Diamo un'occhiata al quadro generale…
Tutti parlano di Iran, Khamenei, Israele… ma la vera battaglia è altrove.
Due eventi, apparentemente non correlati, sono in realtà connessi:
1️⃣ Venezuela: Gli Stati Uniti hanno rimosso Maduro. Tutti hanno applaudito o protestato—ma nessuno ha chiesto: chi comprava la maggior parte del petrolio del Venezuela? La Cina. 800.000 barili/giorno spariti.
2️⃣ Iran: Gli Stati Uniti e Israele colpiscono l'Iran. I titoli urlavano “minaccia nucleare eliminata.” Ma chi era il principale acquirente di petrolio? Ancora, la Cina. 1,5 milioni di barili/giorno spariti.
Posti diversi, stesso obiettivo: Cina.
La teoria di Ray Dalio è valida: quando una potenza in crescita si avvicina a una consolidata, il conflitto è inevitabile. La storia lo dimostra: Germania vs. Regno Unito → Prima guerra mondiale, Giappone vs. Stati Uniti → Seconda guerra mondiale, URSS vs. Stati Uniti → Guerra fredda.
Ora è il turno della Cina.
La Cina produce il 28% dei beni globali.
Entro il 2030, potrebbe superare gli Stati Uniti economicamente.
La sua dipendenza dal petrolio: 73% importato.
Strategia degli Stati Uniti? Tagliare le sue linee di rifornimento: Venezuela, Iran, Russia (sanzioni) e interruzioni saudite. Il motore rallenta.

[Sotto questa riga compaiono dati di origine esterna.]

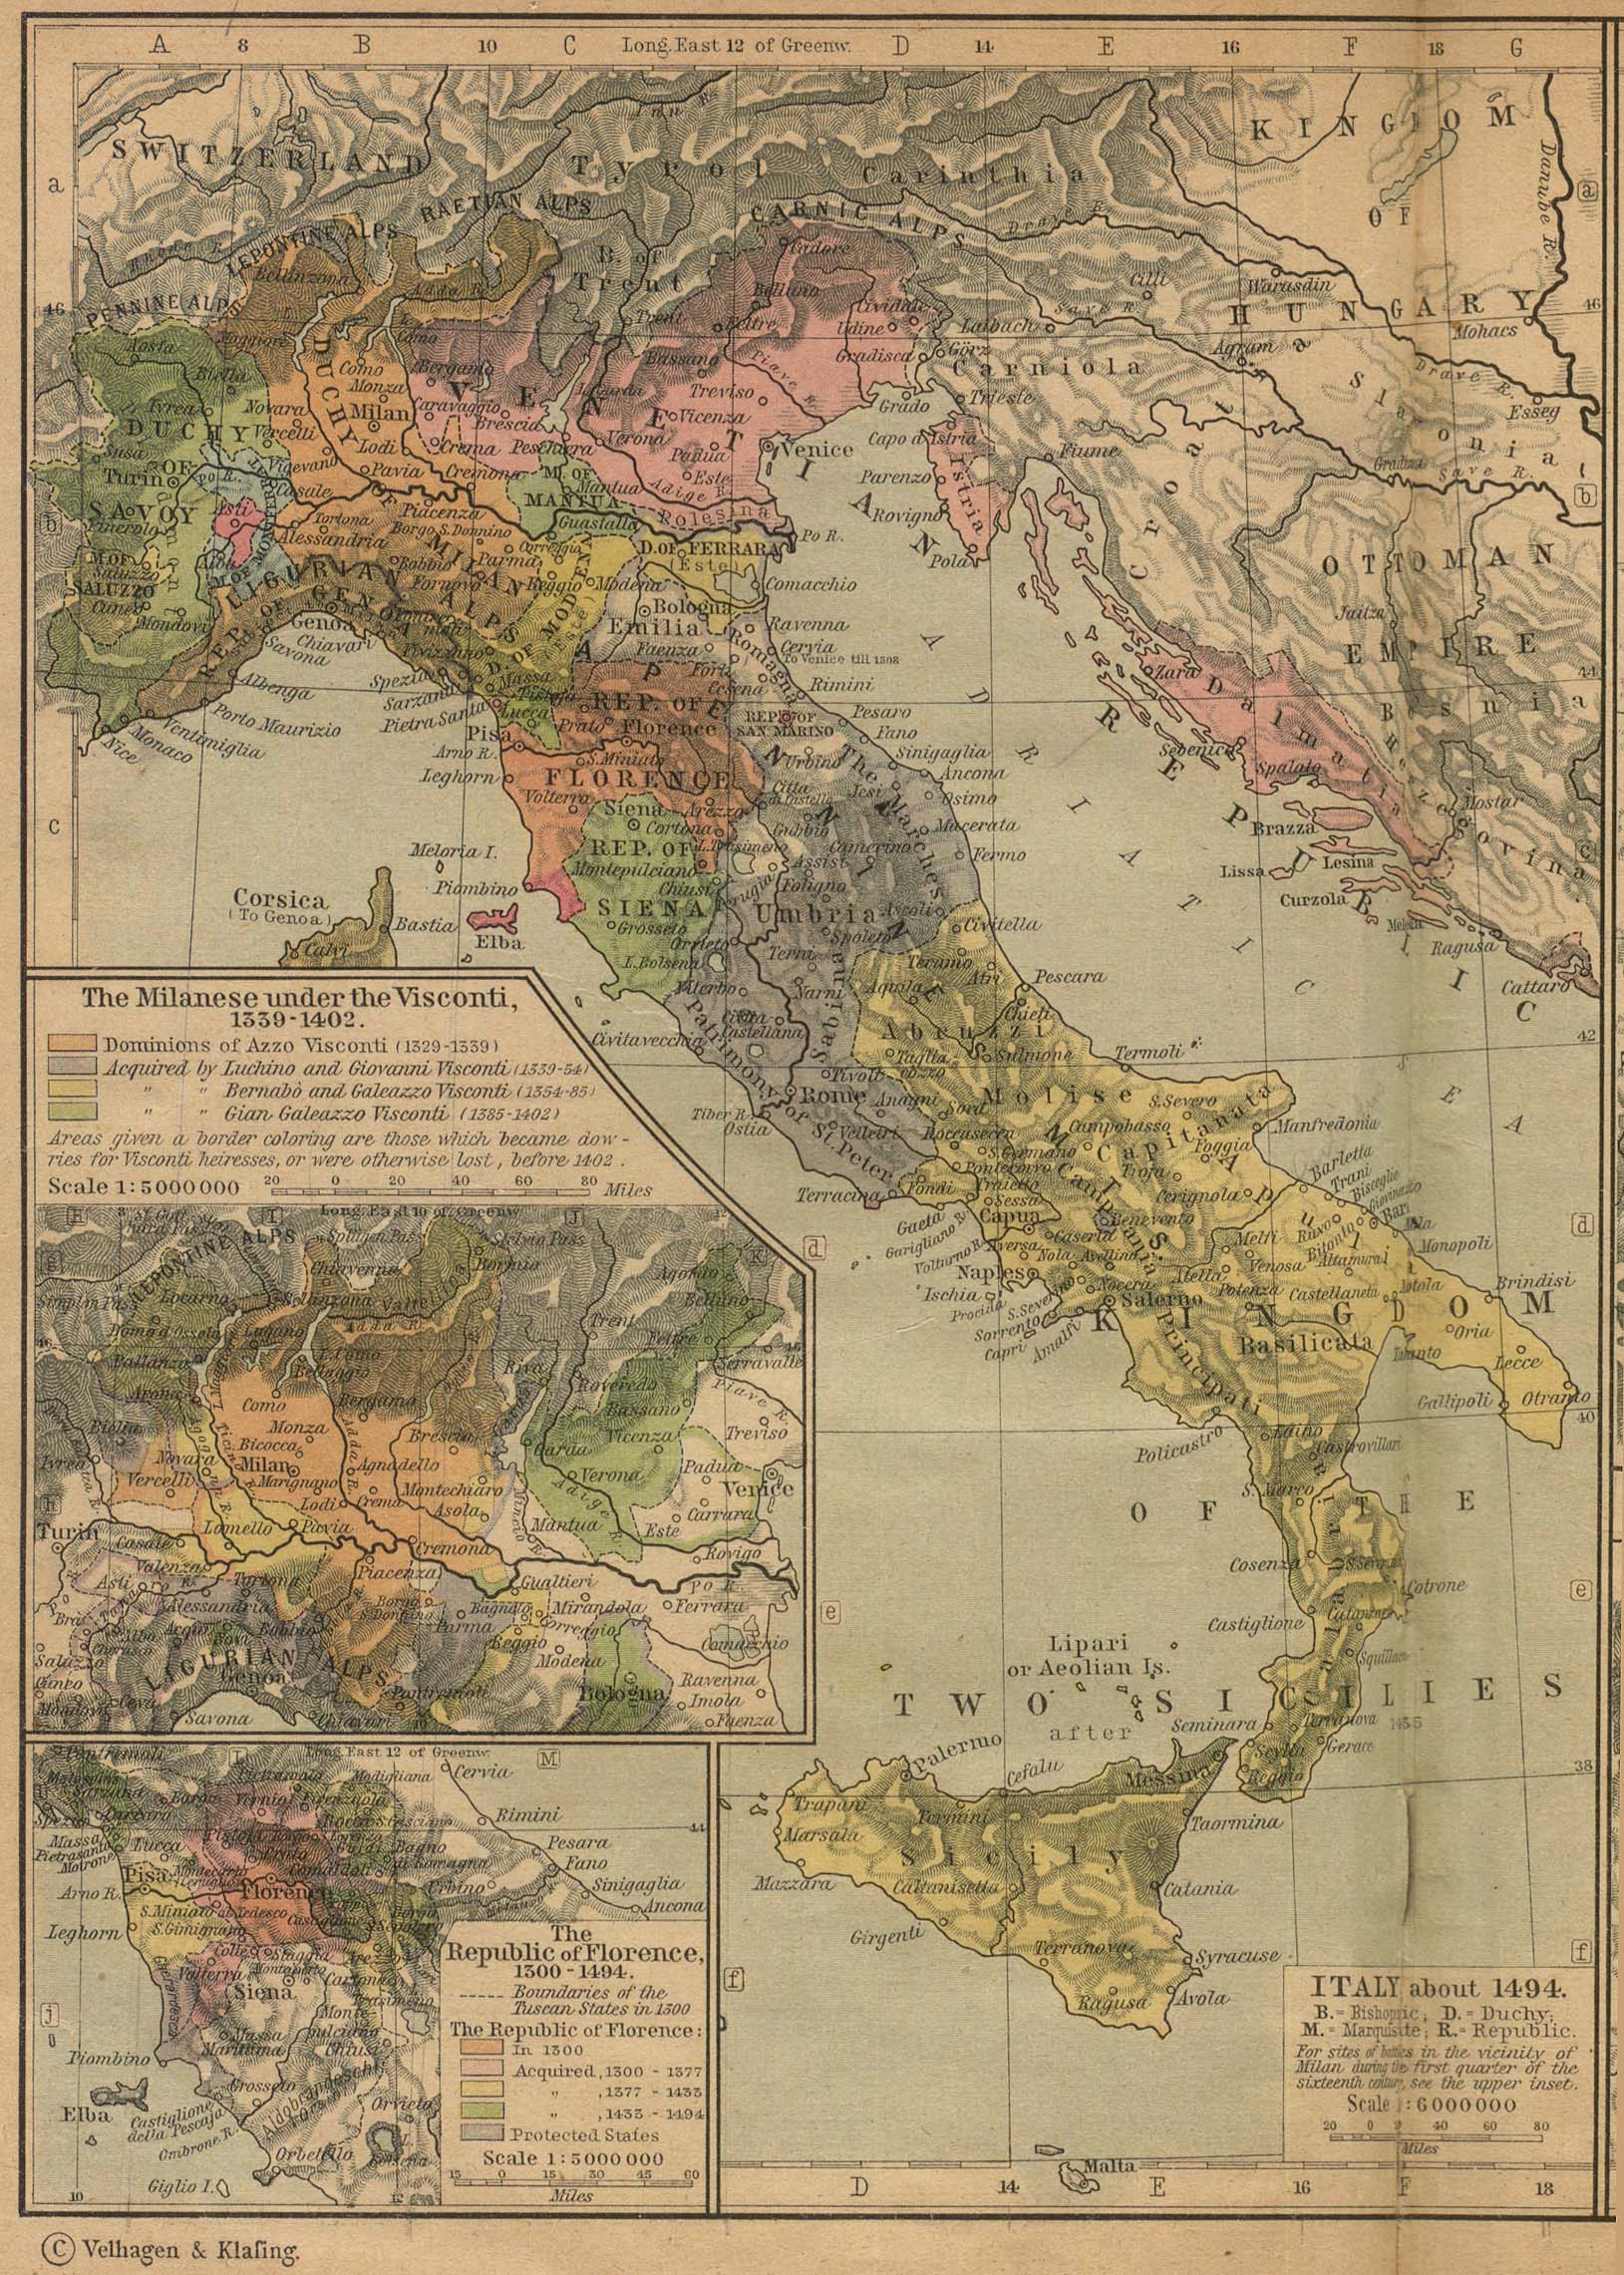 WHKMLA : Historical Atlas, Italy Page

Nel frattempo, la Cina costruisce la Via della Seta, avvicinando l'Europa. Ma l'Europa inizia a inclinarsi verso la Cina, minacciando l'influenza degli Stati Uniti.

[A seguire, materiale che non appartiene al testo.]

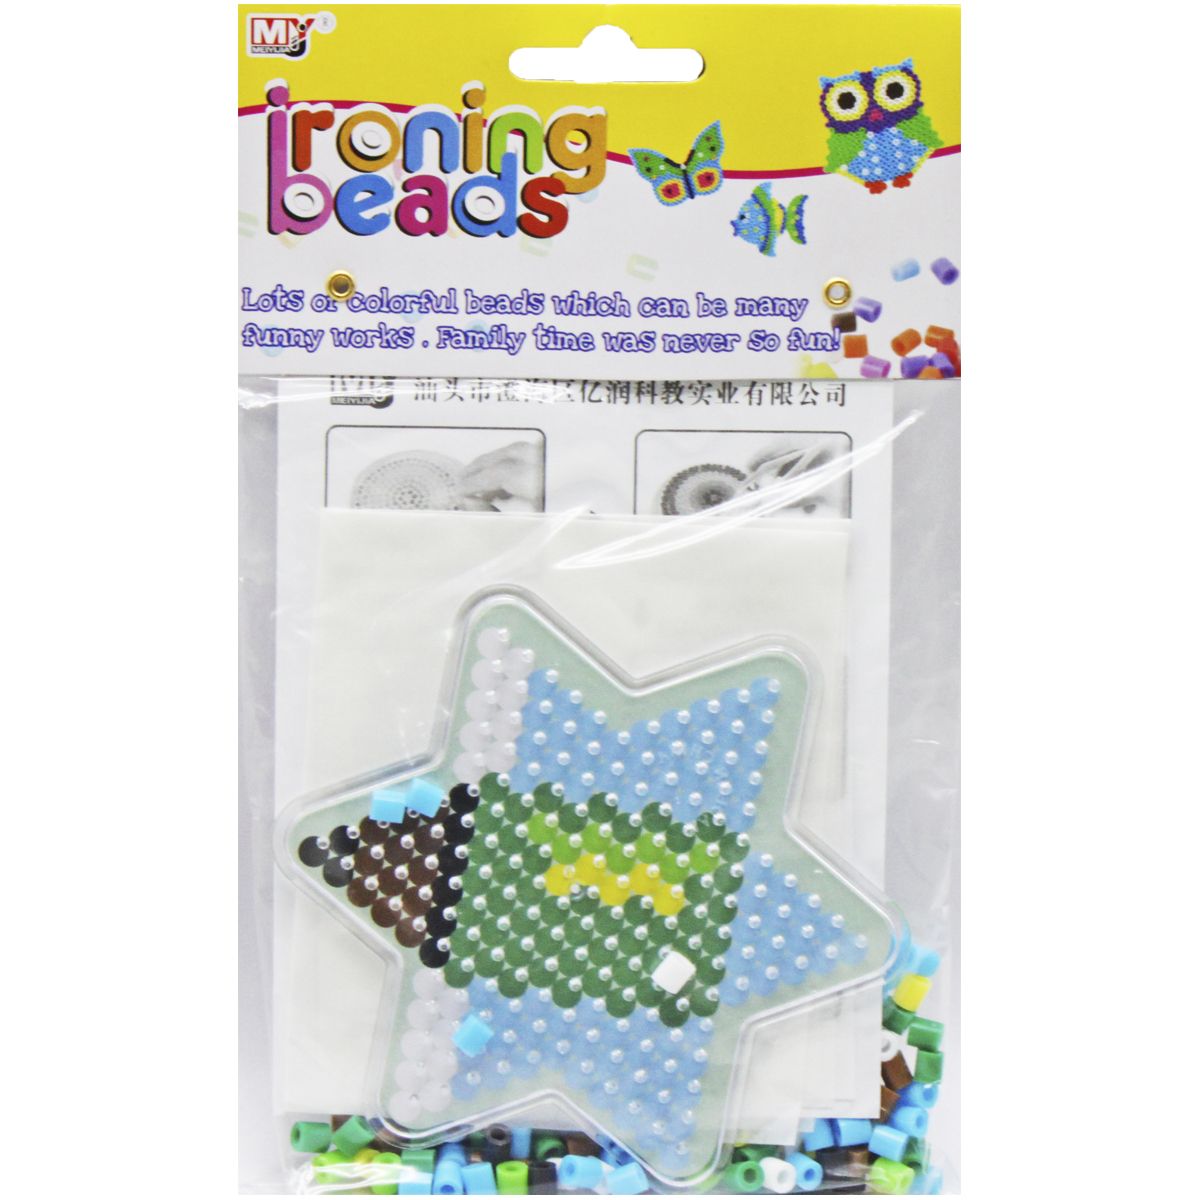 Термомозаика "Ironing beads: Звездочка"

Poi arriva Taiwan—il cuore tecnologico del mondo. Nessun compromesso lì.
Il modello: indebolire la Cina passo dopo passo—energia, rotte commerciali, alleati—prima del confronto principale. Nel frattempo, gli Stati Uniti traggono profitto dalle vendite di armi.
Guerre diverse, una strategia, un obiettivo: contenere la Cina 🇨🇳.
❗❓⁉ È davvero solo una questione di conflitti regionali, o l'ascesa di una superpotenza globale?